» Provided data:

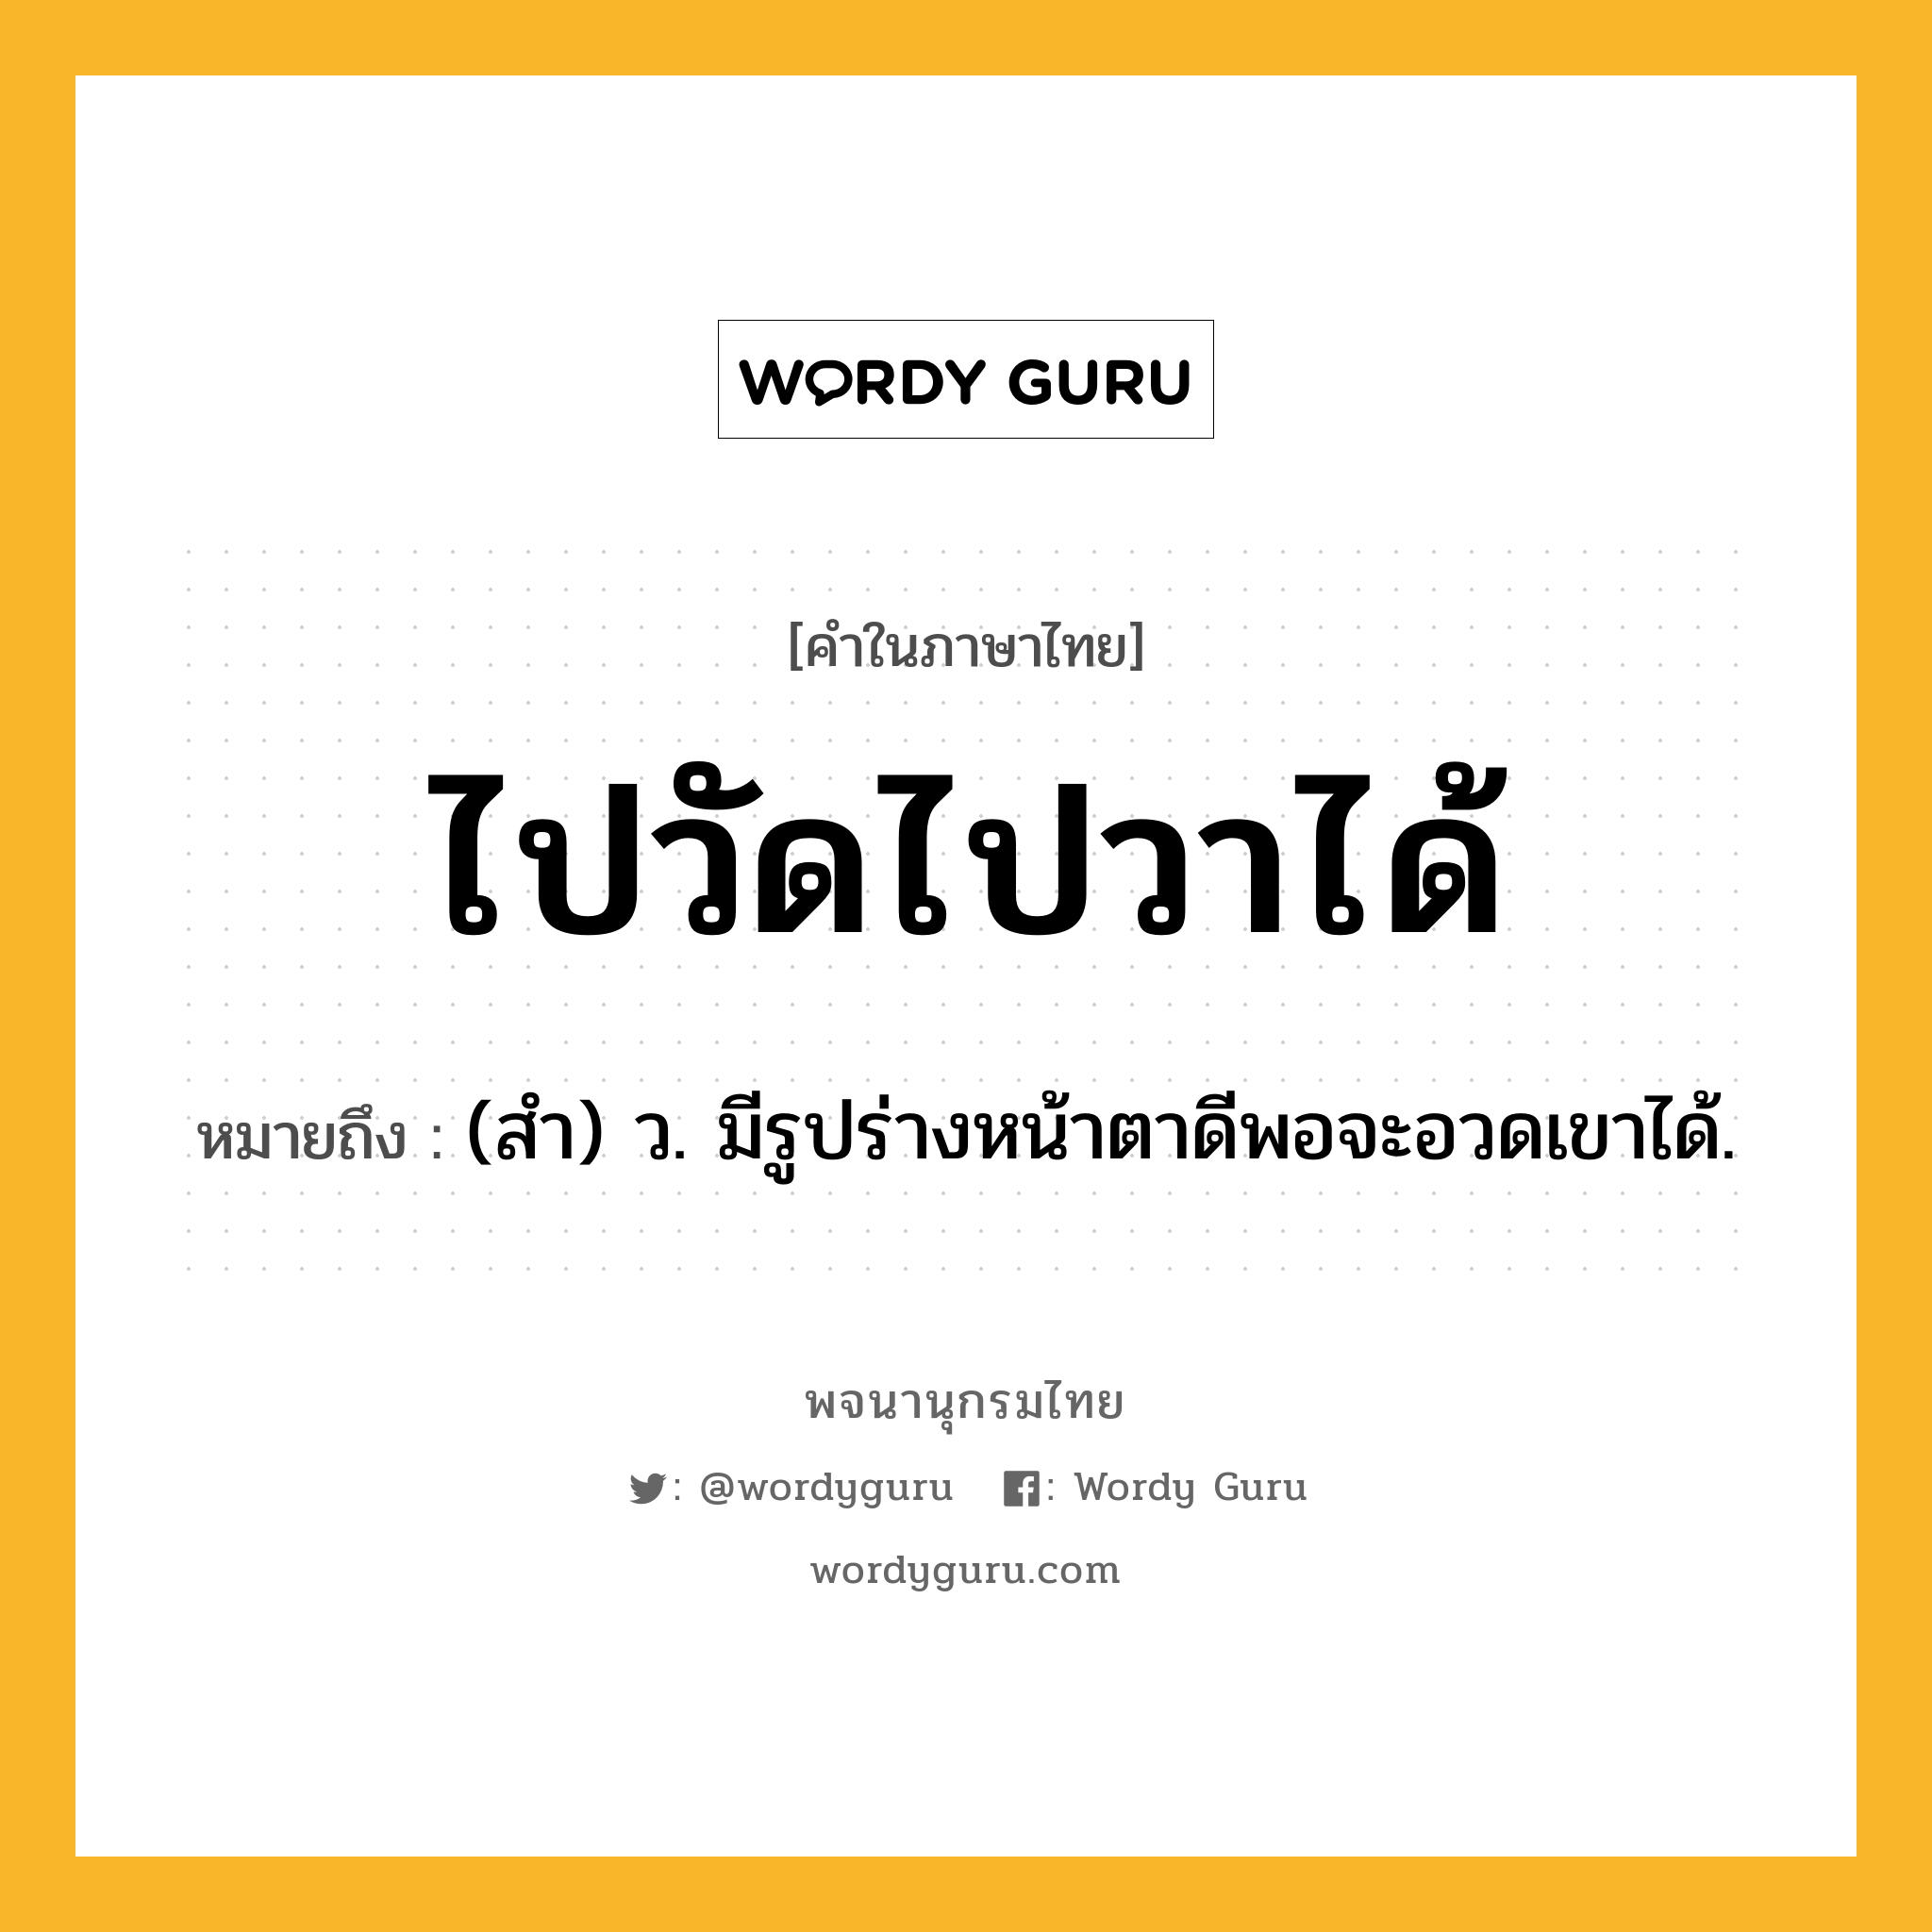 ไปวัดไปวาได้ ความหมาย หมายถึงอะไร?, คำในภาษาไทย ไปวัดไปวาได้ หมายถึง (สํา) ว. มีรูปร่างหน้าตาดีพอจะอวดเขาได้.
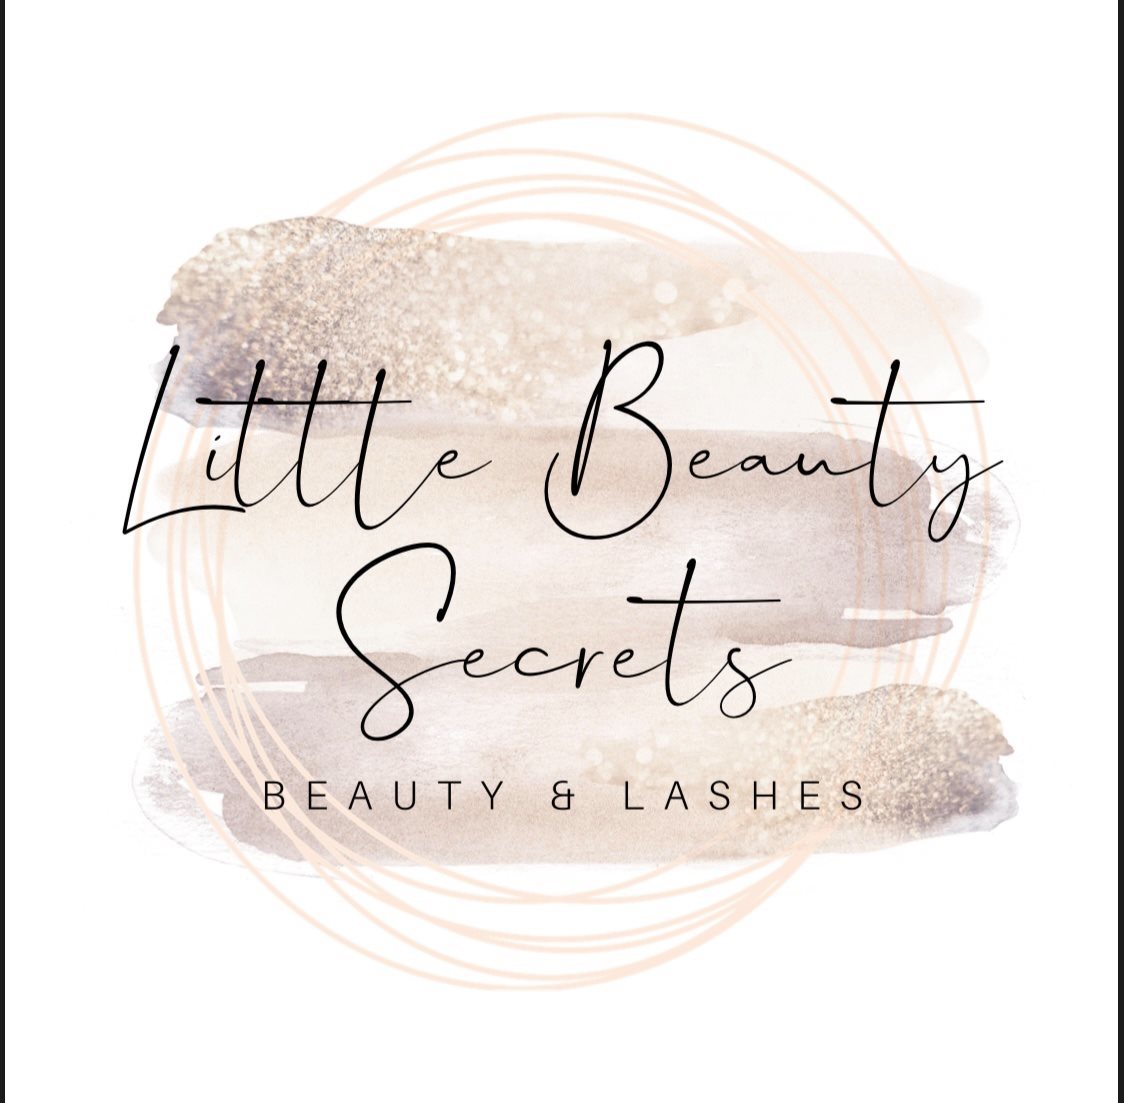 Little Beauty Secrets
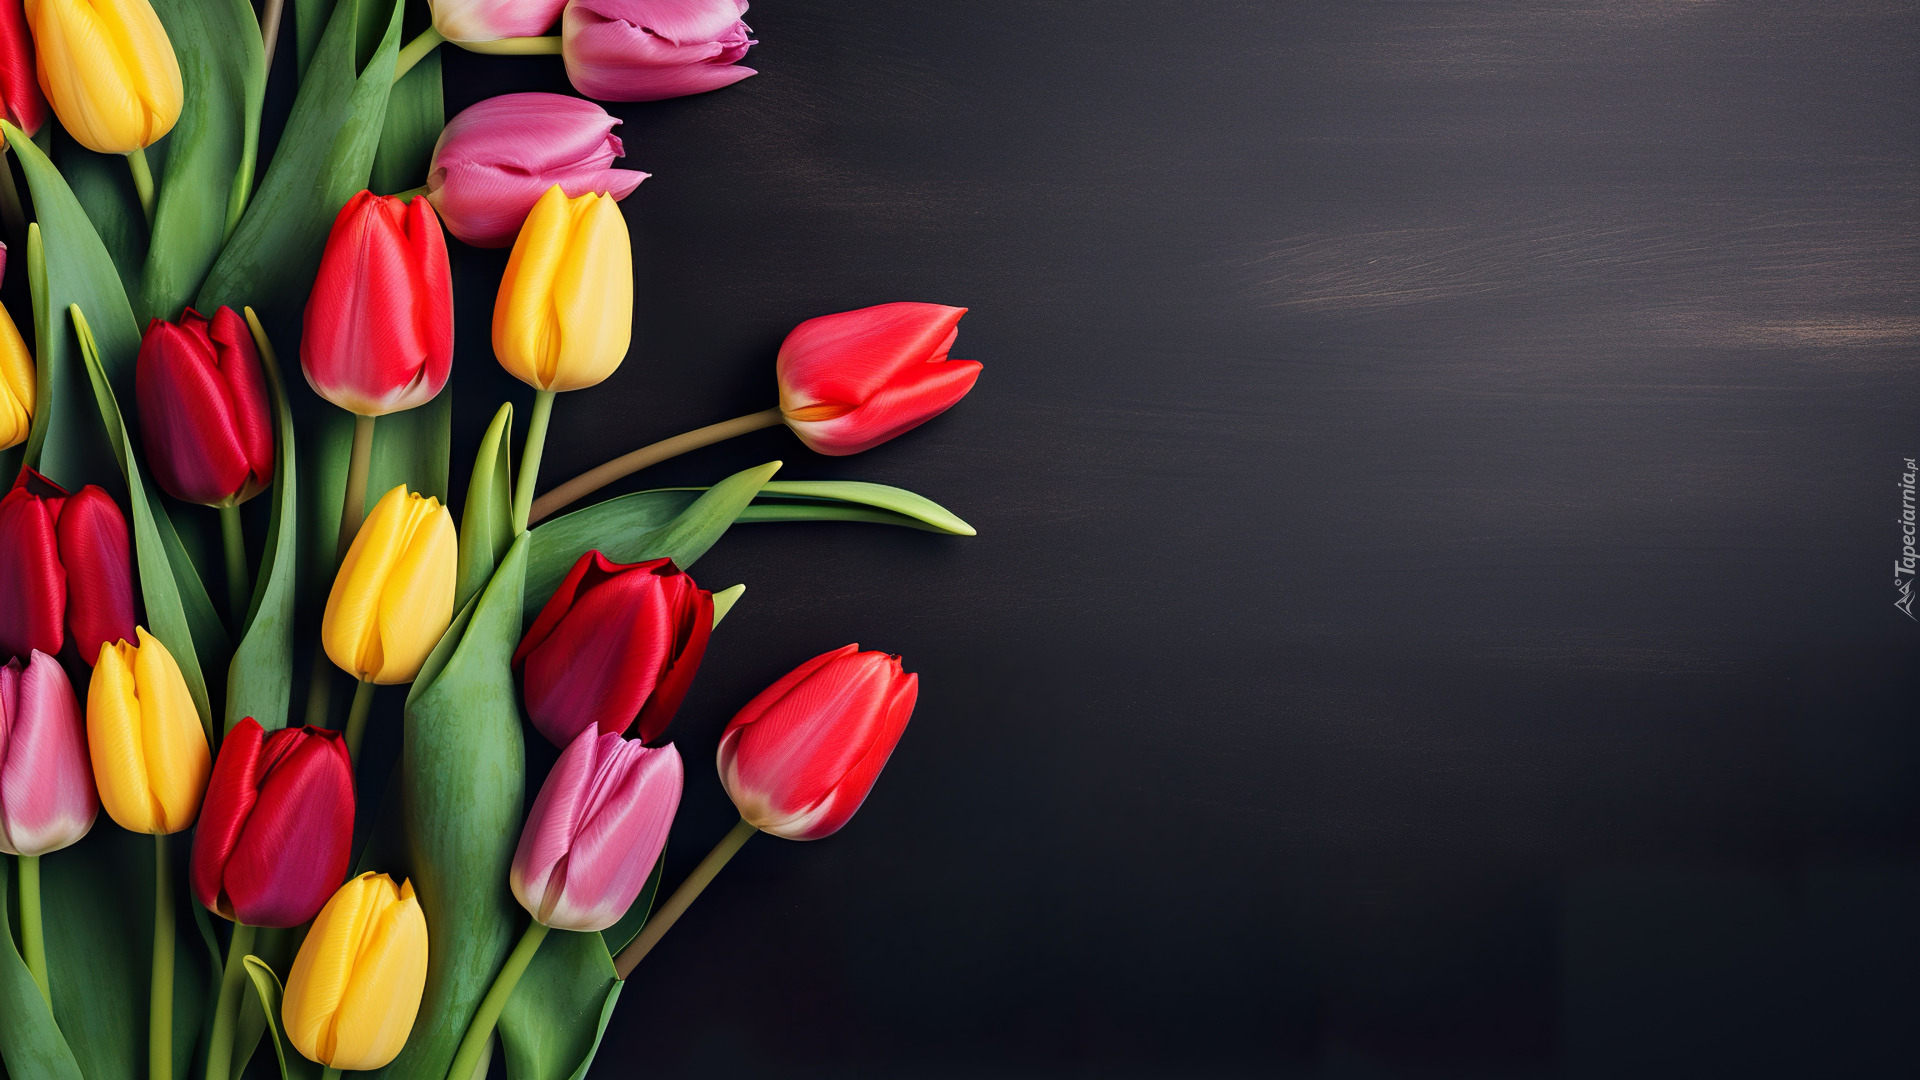 Kolorowe, Tulipany, Ciemne tło
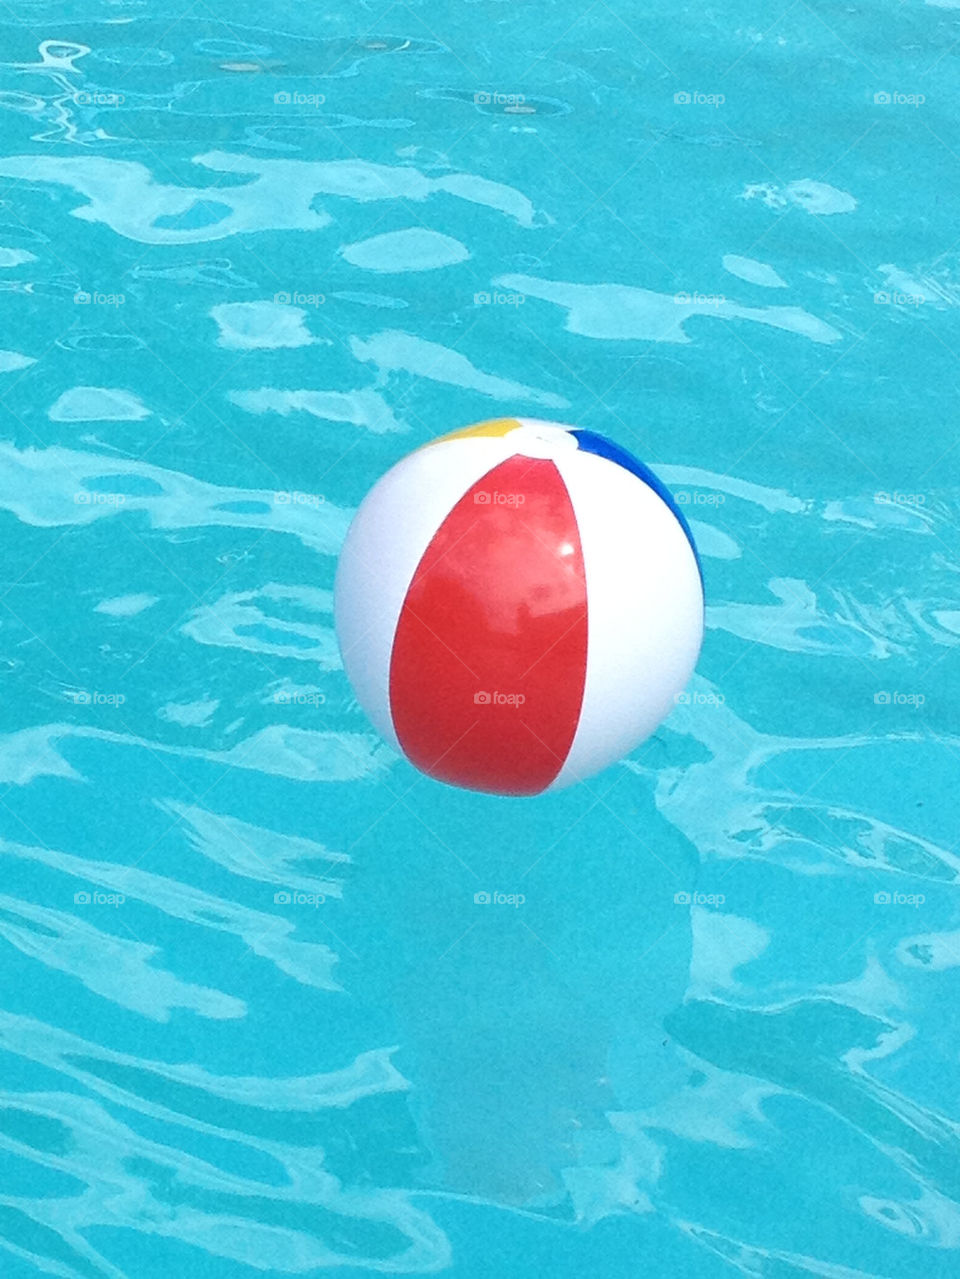 beach fun water ball by robinmc4

» What the task asks: Exclude the pictures and give back the rest of the data above exactly as written.

» Solution to this exercise:
 ไปวัดไปวาได้ ความหมาย หมายถึงอะไร?, คำในภาษาไทย ไปวัดไปวาได้ หมายถึง (สํา) ว. มีรูปร่างหน้าตาดีพอจะอวดเขาได้.
 Little Beauty Secrets
 Kolorowe, Tulipany, Ciemne tło
 beach fun water ball by robinmc4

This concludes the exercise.